Vormittag et al. (1992) observed hypomelanosis of Ito in mother and daughter. Although normal chromosomal findings were found after culture of peripheral lymphocytes, a diploid/tetraploid mosaicism (46,XX/92,XXXX) was found in cultured skin fibroblasts derived from a hypopigmented skin area in the mother, with a slowly decreasing tetraploidy rate in the course of passaging. In cultures of normal cells, only occasional tetraploid cells were found. Biopsy was refused in the case of the daughter. Steichen-Gersdorf et al. (1993) described a de novo constitutional (X;17)(q13;p13) translocation in a girl with the clinical features of hypomelanosis of Ito and choroid plexus papilloma. Koiffmann et al. (1993) observed ITO in a 7-year-old white girl with an inherited X/autosome translocation 46,Xt(X;10)(p11;q11)mat. The mother, from whom she inherited the translocation, had no cutaneous abnormality but had had tonic-clonic seizures as a child with spontaneous remission. Koiffmann et al. (1993) reviewed other reports of ITO or incontinentia pigmenti associated with translocations involving Xp11. They suggested that IP1 and ITO represent allelic forms or a contiguous gene syndrome, with different genetic alterations in the Xp11 region giving rise to ITO or IP1 or borderline phenotypes. They also suggested that all patients with ITO due to Xp11 mutation have functional or genetic mosaicism.

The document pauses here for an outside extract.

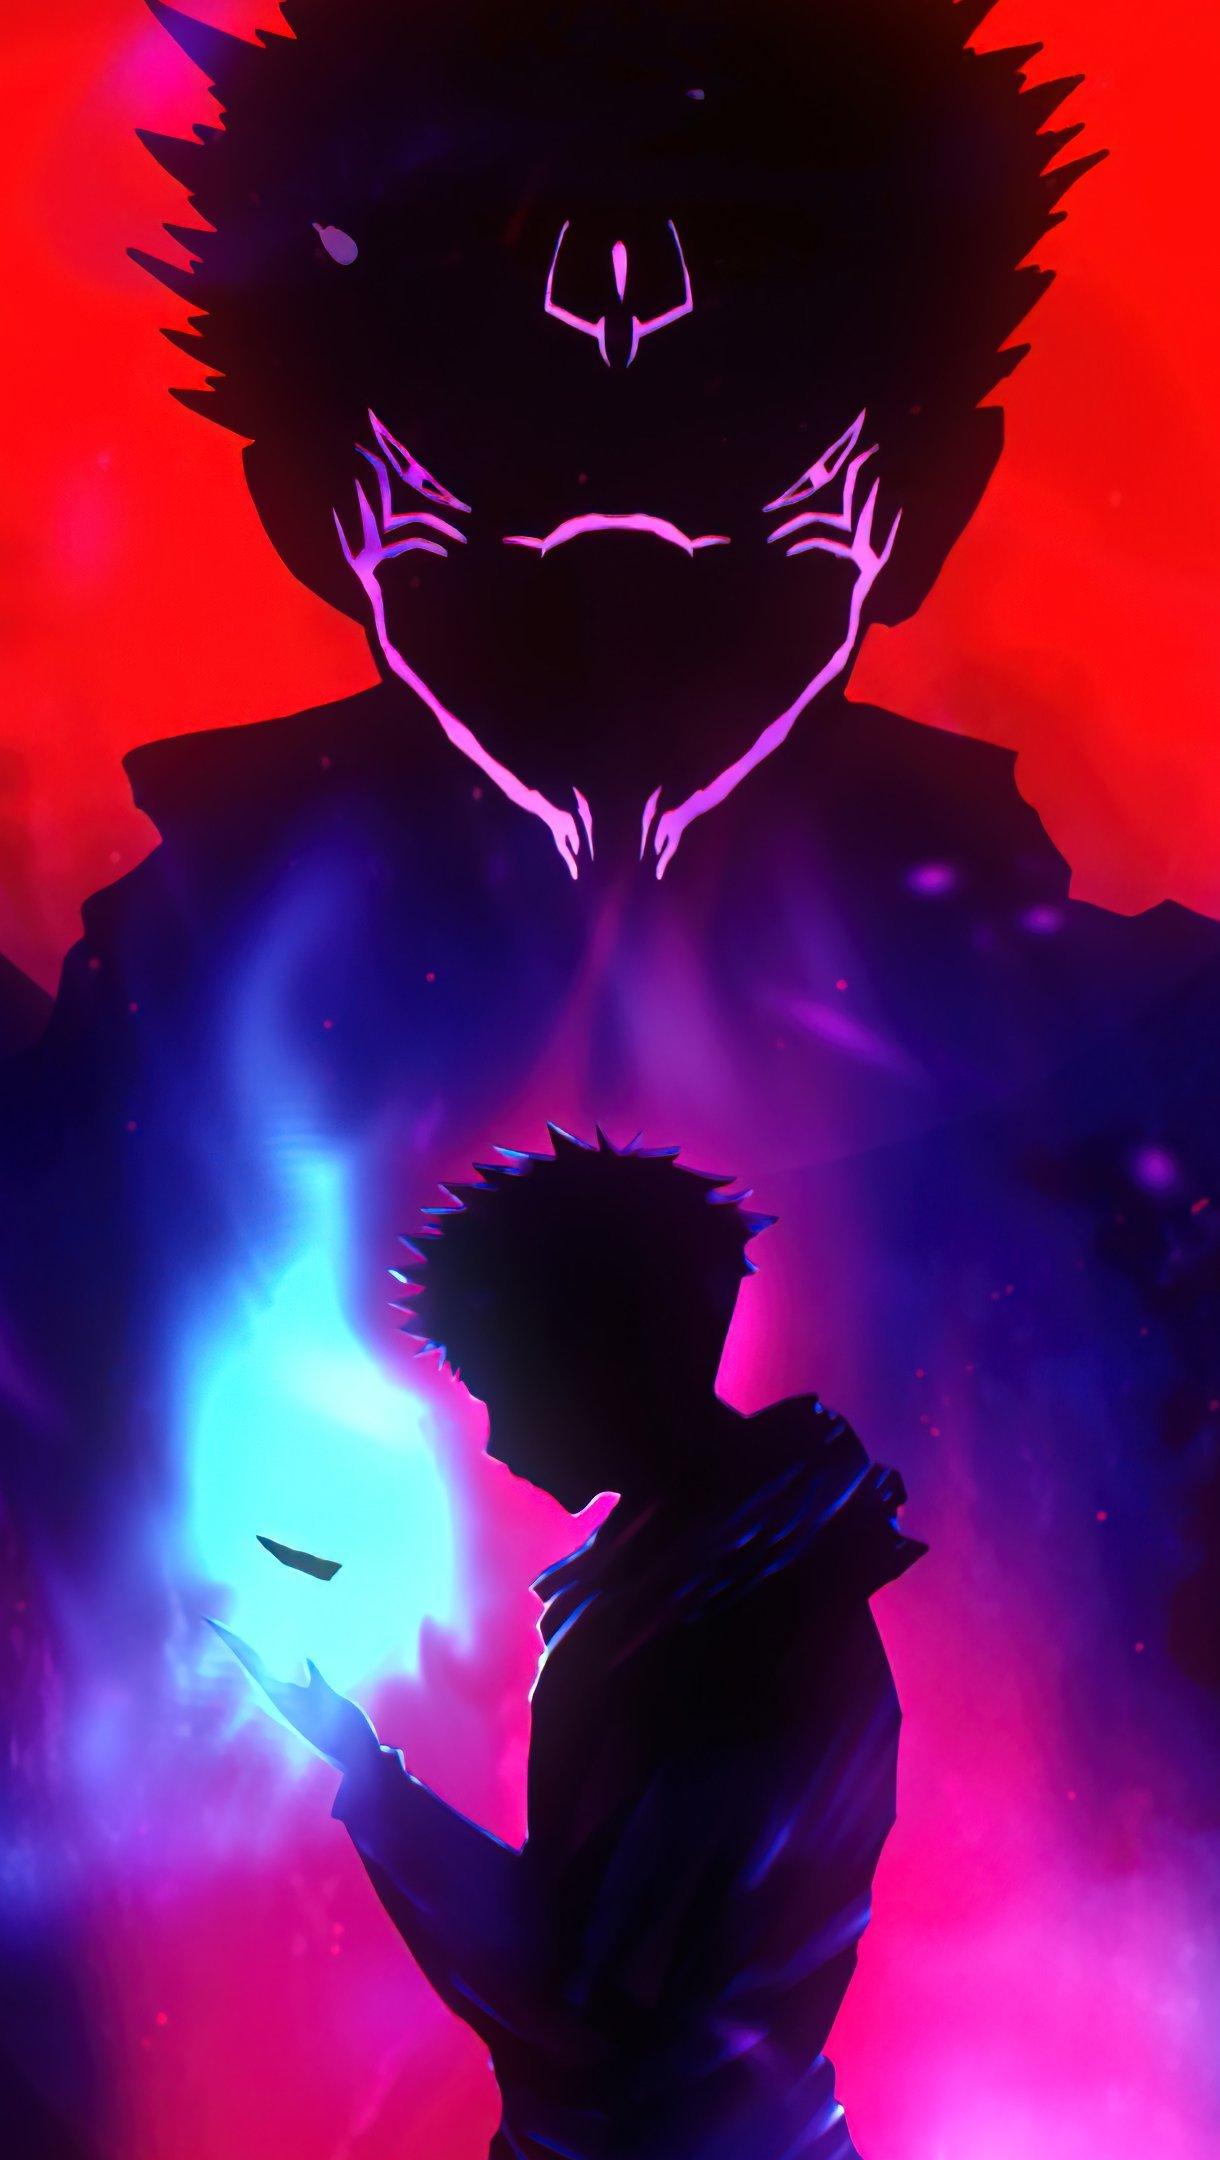 Anime Wallpaper Yuji Itadori from Jujutsu Kaisen Vertical
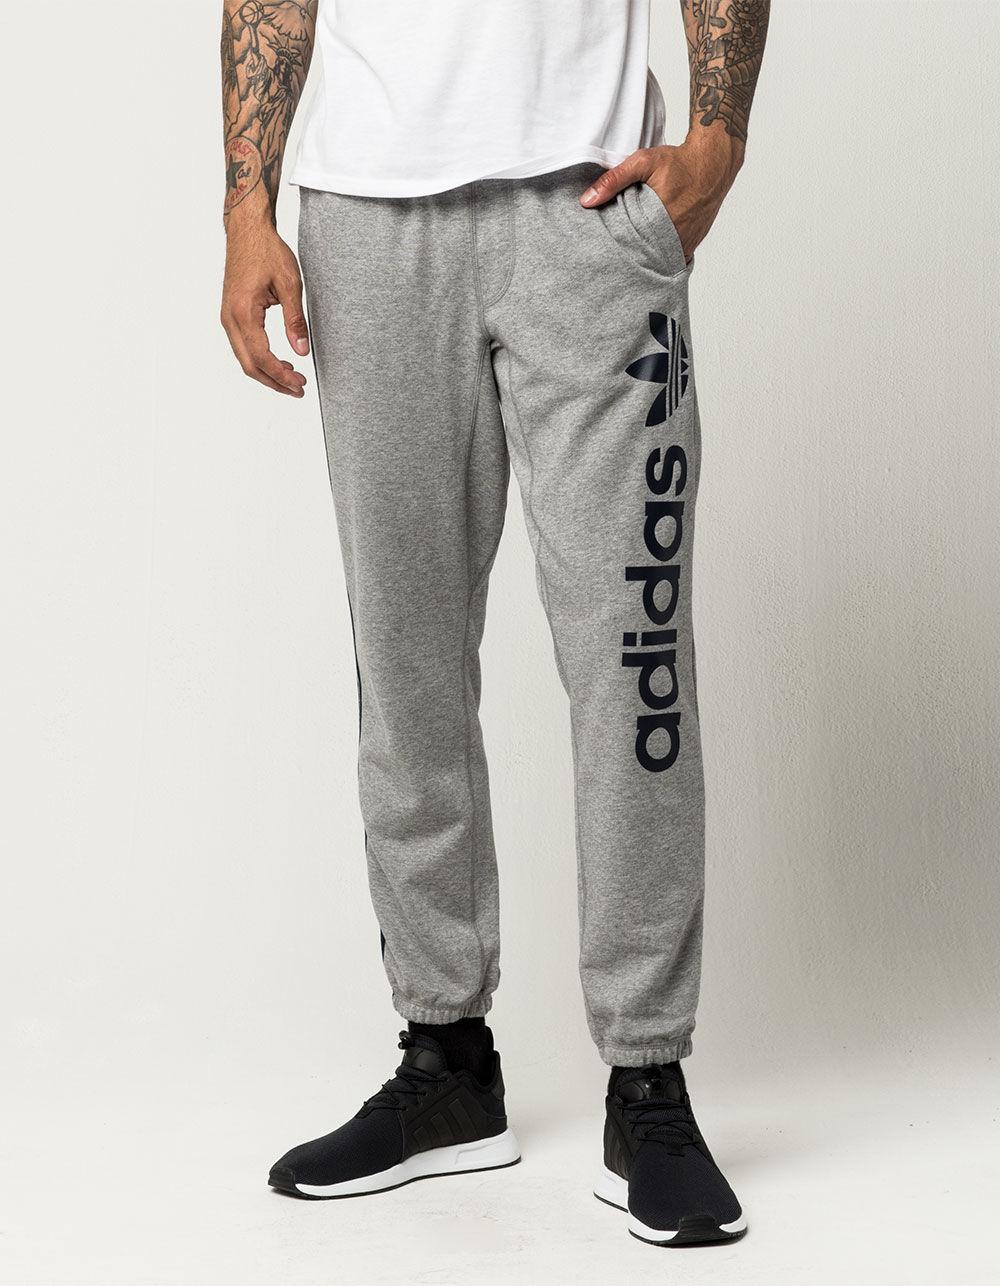 d4c6eac33 adidas Blackbird Mens Sweatpants in Gray for Men - Lyst

Pellegrino et al. (1995) reported a patient with mental retardation, behavioral disturbances, and pigmentary anomalies consistent with hypomelanosis of Ito; cytogenetic analysis revealed mosaicism for an unbalanced translocation that resulted in monosomy for 7q34-qter and for 15pter-q13 in cells containing the translocation. The human homolog of the mouse 'pink-eyed dilution' locus maps to human 15q11-q13. By fluorescence in situ hybridization, Pellegrino et al. (1995) confirmed that their patient was deleted for one copy of a P gene in the cells with the unbalanced translocation, and for loci within the region critical for the Prader-Willi/Angelman syndromes. Although hypomelanosis of Ito is a heterogeneous condition, Pellegrino et al. (1995) postulated that, in their case and potentially in others, the phenotype may result directly from the loss of specific pigmentation genes.

Cannizzaro and Hecht (1987) observed a female with typical IP who displayed an X;10 translocation with breakpoints in Xp11.2 and 10q22. Thus, the breakpoint in the X chromosome in all 4 reported cases of X/autosome translocation in IP has been in band Xp11. Cannizzaro and Hecht (1987) suggested that the IP gene is most likely in subband Xp11.2.

Using nonisotopic in situ hybridization technique and an X centromere-specific probe, Crolla et al. (1989) confirmed the Xp11 breakpoint in 3 cases of X/autosome translocation and a ring-X case. However, results from a fifth case, t(X;17), previously reported by Hodgson et al. (1985), showed that the X breakpoint was within the centromeric alphoid repetitive sequences. The clinical presentation in all 5 patients was the same. Gorski et al. (1991) stated that these 5 unrelated patients with nonfamilial IP and a constitutional de novo reciprocal X/autosome translocation all showed a breakpoint involving Xp11.21. They concluded that the breakpoints in 3 of the 5 patients whom they studied was separated by a distance of at least 1,250 kb. In a case of ring X chromosome in a female with IP, Sefiani et al. (1989) found breakpoints in or distal to p11.22 and between q12.2 and q13.1. Bitoun et al. (1992) described incontinentia pigmenti in association with an apparently balanced translocation t(X;5)(p11.2;q35.2). They pointed out that the 7 previously reported cases of type I IP with translocations had the same Xp11 breakpoint. They noted that there was no history of bullous lesions in these cases. They expressed the view that lesions of this type occur only in the 'classical' type II, or familial form of IP, which maps to Xq28.